Perhaps it’s about the facts behind the rhetoric. Just as no one can deny Dear’s conduct, no one can deny the conduct of Planned Parenthood and other abortion providers. They kill human beings for profit — a scientific, medical, and economic fact. Planned Parenthood has been repeatedly caught on video discussing the harvesting and sale of baby body parts. Its defense is that the videos are misleading, a defense now debunked by an independent examiner. Recently, the Ohio attorney general has accused Planned Parenthood of dumping aborted babies in a Kentucky landfill — after first having them steam cooked. It is the inhumanity of abortion that has riled so many people, perhaps Dear himself.

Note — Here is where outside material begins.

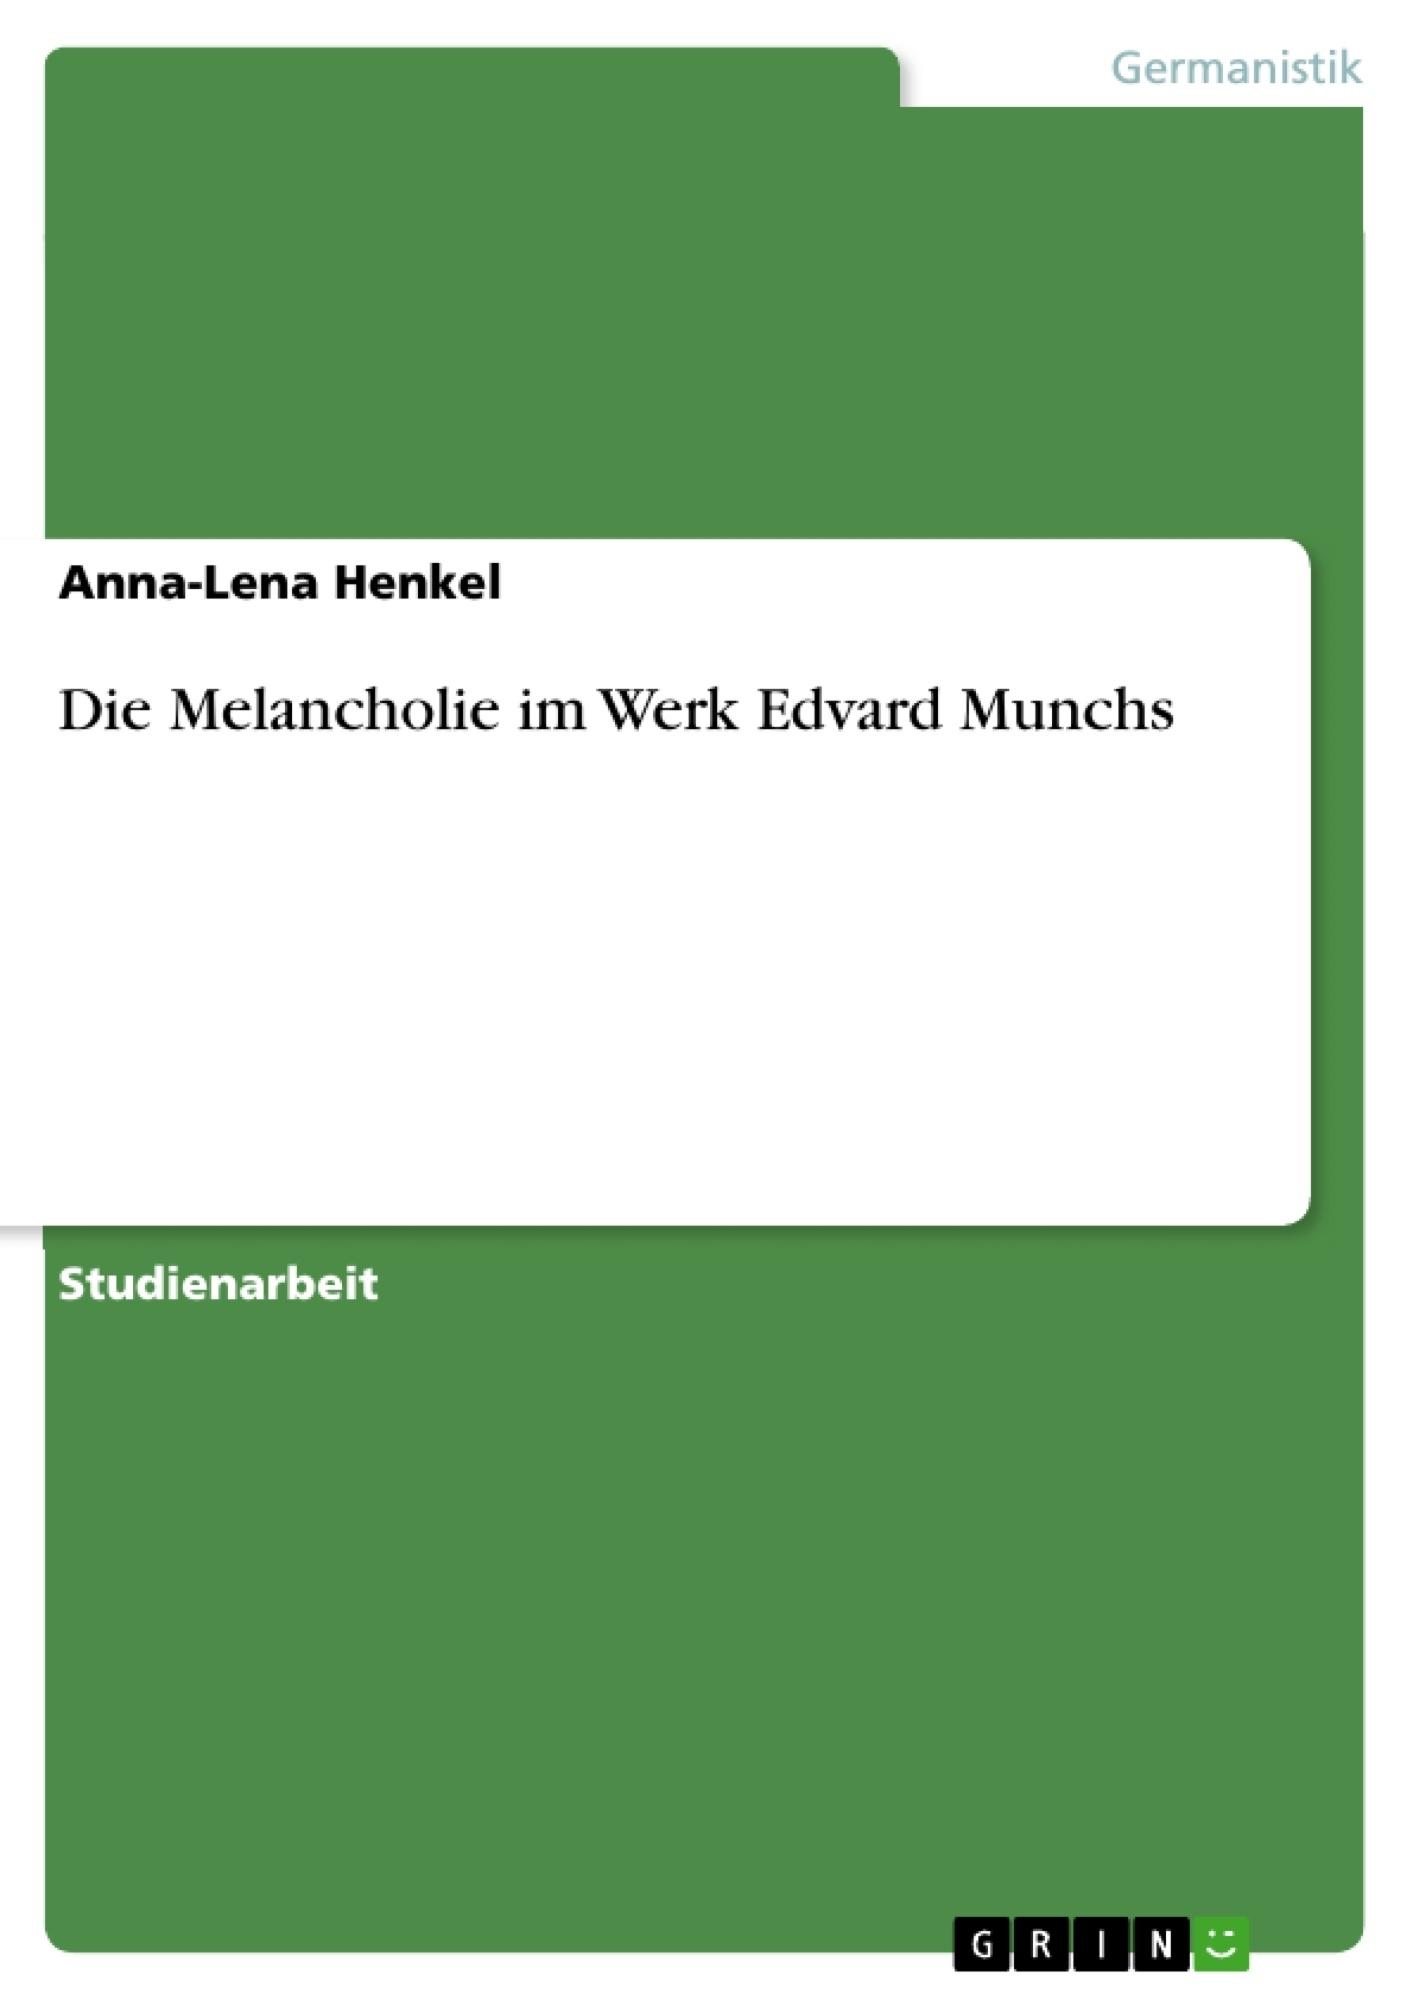 Titel: Die Melancholie im Werk Edvard Munchs

Whatever Dear’s motivation, his actions raise a bigger question. Why have there been acts of violence at abortion facilities? The answer may be that for some people, violence is how they express frustration over their lack of power to end injustice. We must not forget history. Our Declaration of Independence and the American Revolution were born out of the people’s inability to set their set their own standards. As our country grew, it faced the moral evil of slavery. The anti-slavery movement was not always peaceful. In 1856, frustrated abolitionist John Brown and his band killed pro-slavery settlers in Kansas. In 1857, the U.S. Supreme Court ruled that slaves were property. Its ruling left people powerless to change the law. In 1859, Brown was involved in an unsuccessful violent raid in West Virginia that, ironically, killed a black man. Two years later, the country began to kill itself, son by son.
We still have not learned. In 1973, the same Supreme Court ruled that an unborn baby is not a legal person and so may be killed at any time. The ruling has left every state and citizen unable to change the law. States may not enact legislation protecting the unborn from death. People with deeply held views about the immorality of abortion have been shut out of the democratic process. In fact, they are often barred from meaningfully approaching women in an effort to change their minds and hearts. It all creates the perfect climate for violence.
This month, hundreds of thousands will march in Washington D.C. in peaceful protest. But it will take more. It will take a change in the Supreme Court, which will take a change of presidential policy. It makes the election of 2016 so very critical. A pro-life president can restore sanity to the law and so save millions of lives. But if we don’t change, we can only expect more violence outside abortion facilities. And far, far more violence inside them.
Paul V. Esposito is a Catholic lawyer who writes on a variety of pro-life topics. He and his wife Kathy live in Elmhurst, Illinois and have six children.